What Are Ankle Sprains?

A sudden sideways motion, a twist, or a misstep. When your foot lands off balance, muscles may give way, allowing the ankle joint to move too far. If ligaments connecting the foot and ankle bones overstretch or tear, a sprain is the result. These sudden injuries cause pain both at the time they occur and throughout the healing process. Depending on the sprain, swelling and bruising may extend from your ankle into your foot. With proper care, however, sprains can heal correctly. And, in many cases, you can reduce the risk of re-injury.

How Are Ankle Sprains Treated?

Before recommending treatment, your doctor examines your ankle and foot. He or she feels for damaged ligaments, inflamed tendons, and any displaced bones or joints. X-rays of your ankle may be taken to rule out a fracture. Depending on your injury, treatment may range from pain control to immobilization of the joint. If the sprain is severe or if a bone is damaged, surgery may be needed.

Immobilize Severe Sprains

If damage or pain is severe, your doctor may tape, splint, or cast the sprain. Once immobilized, the torn tissues can rest and heal in the proper position. You may need to use crutches temporarily if your foot cannot support weight.

What Helps Recovery?

Depending on the severity of the sprain, your ankle may hurt for a month or more. Once healing is well underway, however, your doctor may suggest exercises to strengthen the ankle. If swelling results, ice and elevation can help control it.

Can Sprains Be Prevented?

The best way to prevent re-injury is to give a sprain time to heal fully. Once you’re back on your feet, think before you move. Choose the right shoe for the activity, and remember to wear any splints, braces, or orthoses (custom-made shoe inserts) prescribed by your doctor.

Pain Control

For a mild to moderate sprain, a few days of home care will help speed up healing. Remember to use RICE (which stands for rest, ice, compress, and elevate) to reduce pain and swelling.

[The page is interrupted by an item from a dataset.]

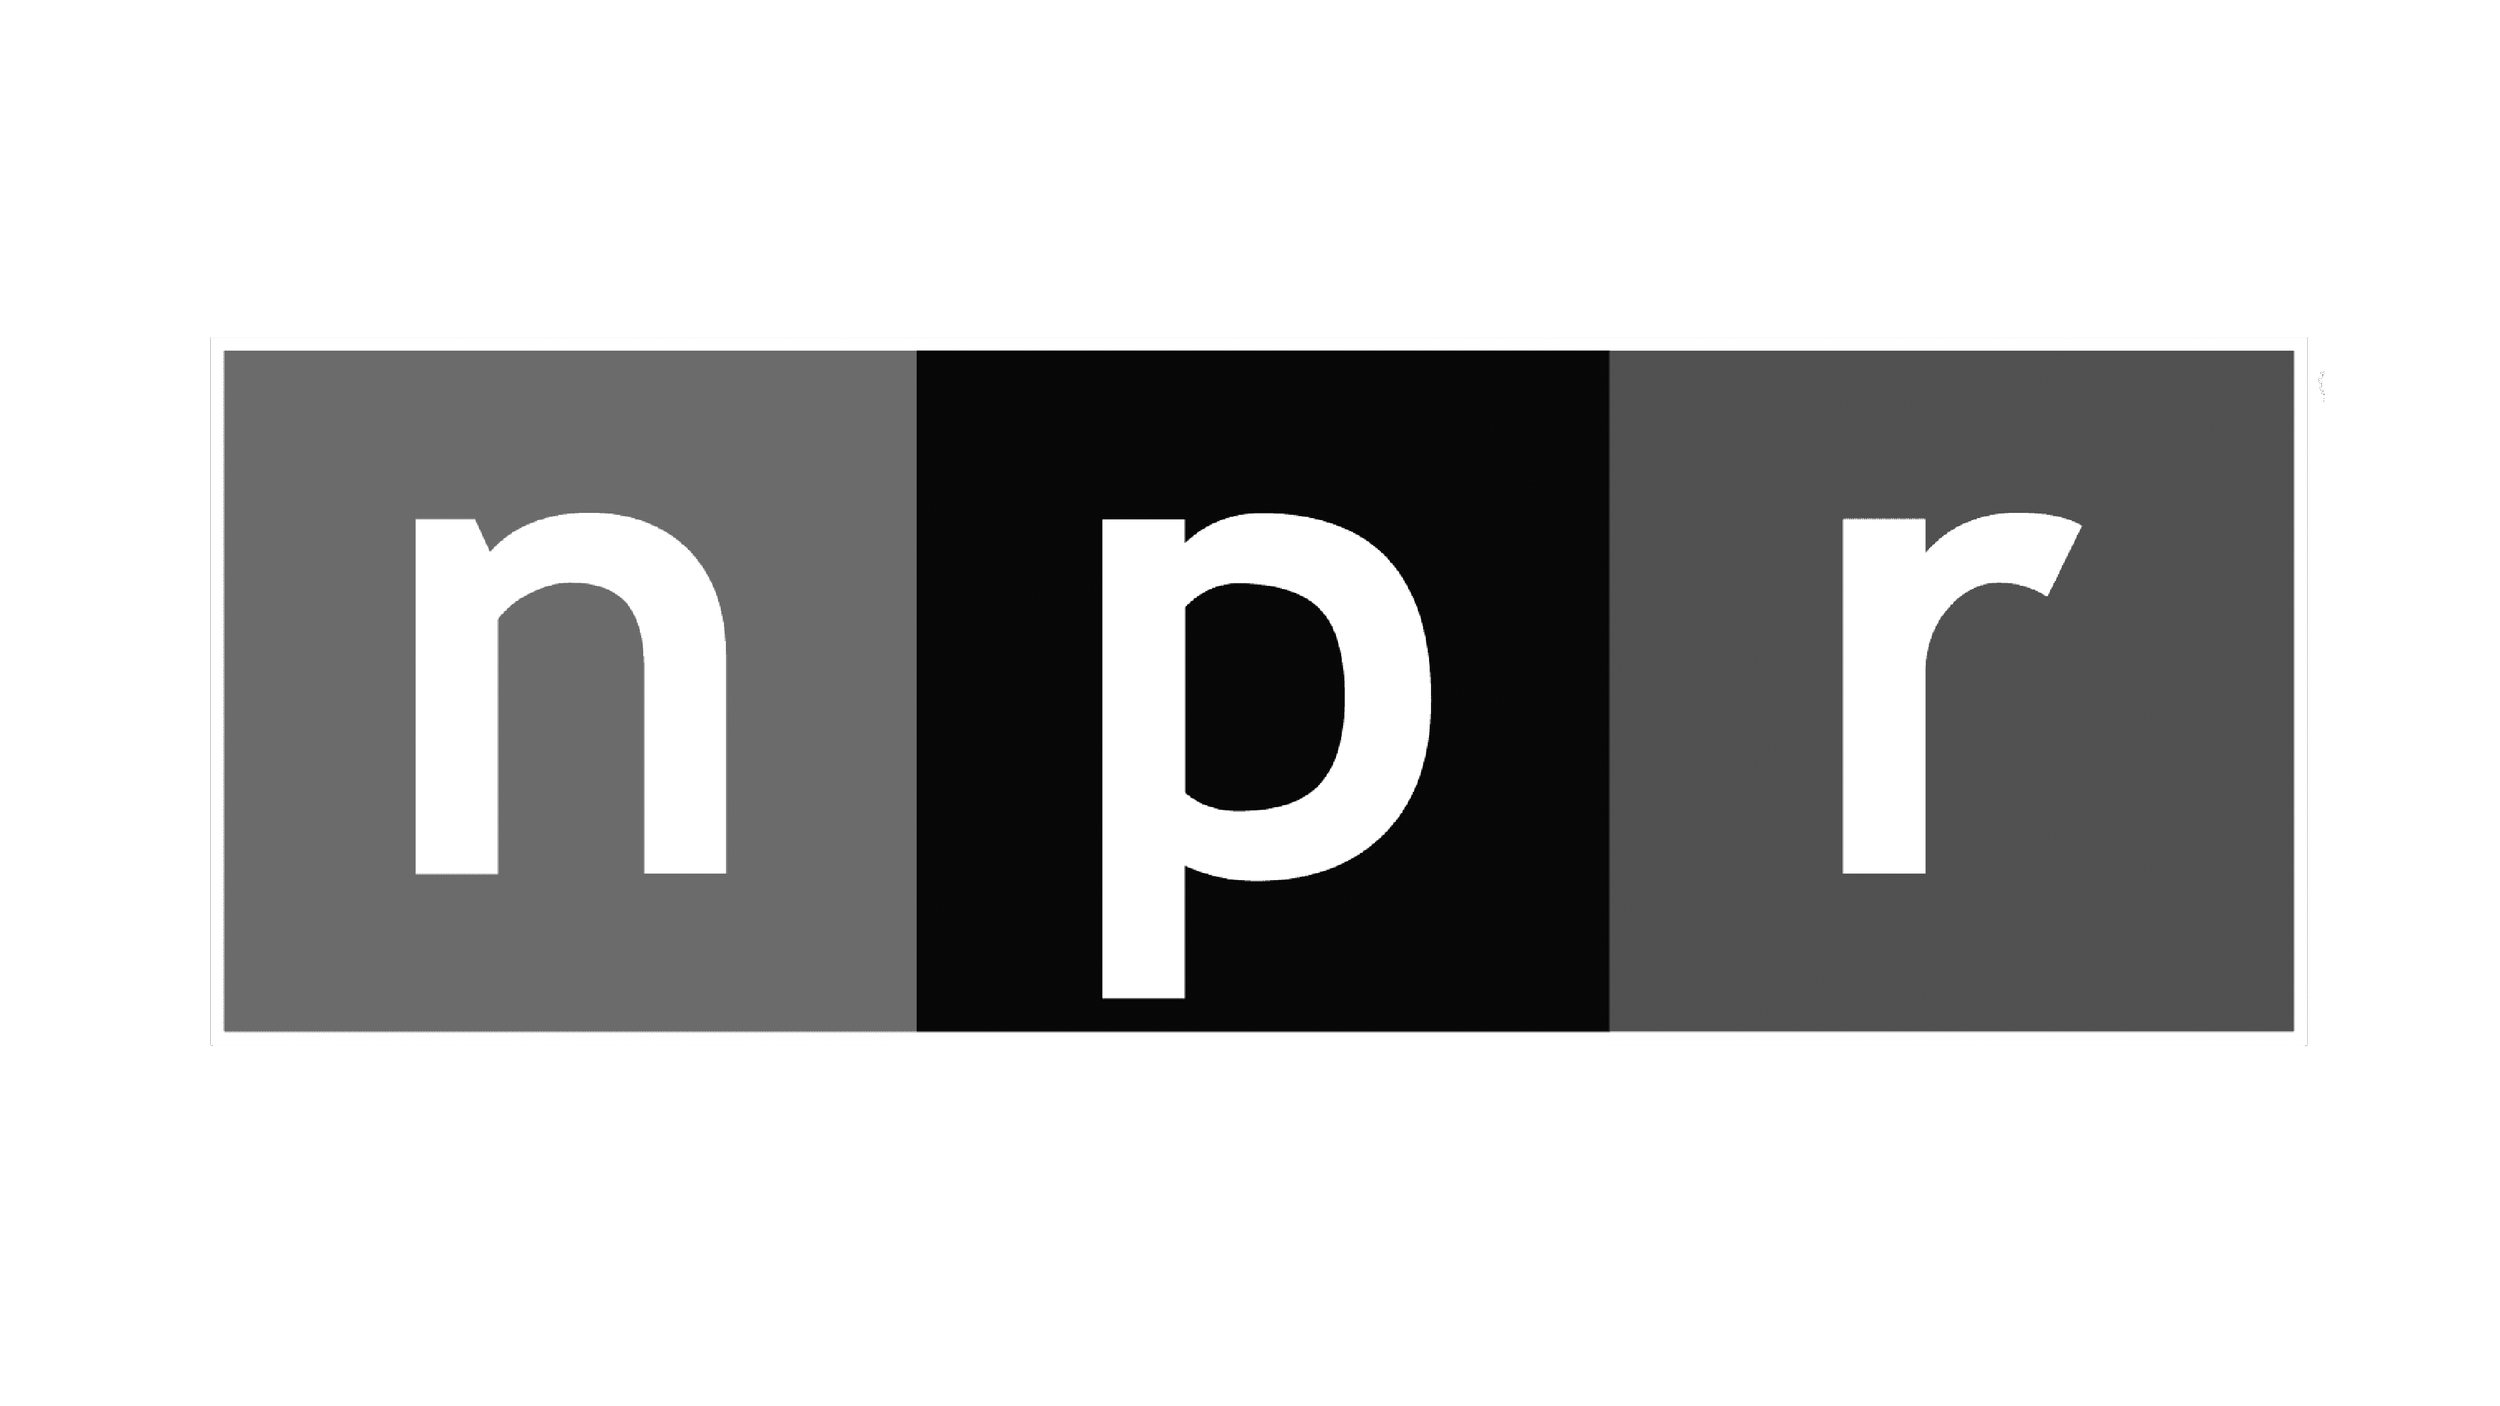 NPR-logo.png

Rest the sprained ankle. Do not stand on it for at least a day or two.

Ice the sprain as often as possible. Apply ice to the injury for 20 minutes. Remove the cold pack and wait another 20 minutes. Then ice again. Protect your skin by placing a bandage or thin towel between the ice and your body.

Compress (wrap) the swollen ankle with an elastic bandage.

Elevate the sprained ankle above your heart level.

TO HELP REDUCE PAIN AND SWELLING, your doctor may suggest using a medication, such as aspirin or Ibuprofen, in addition to RICE.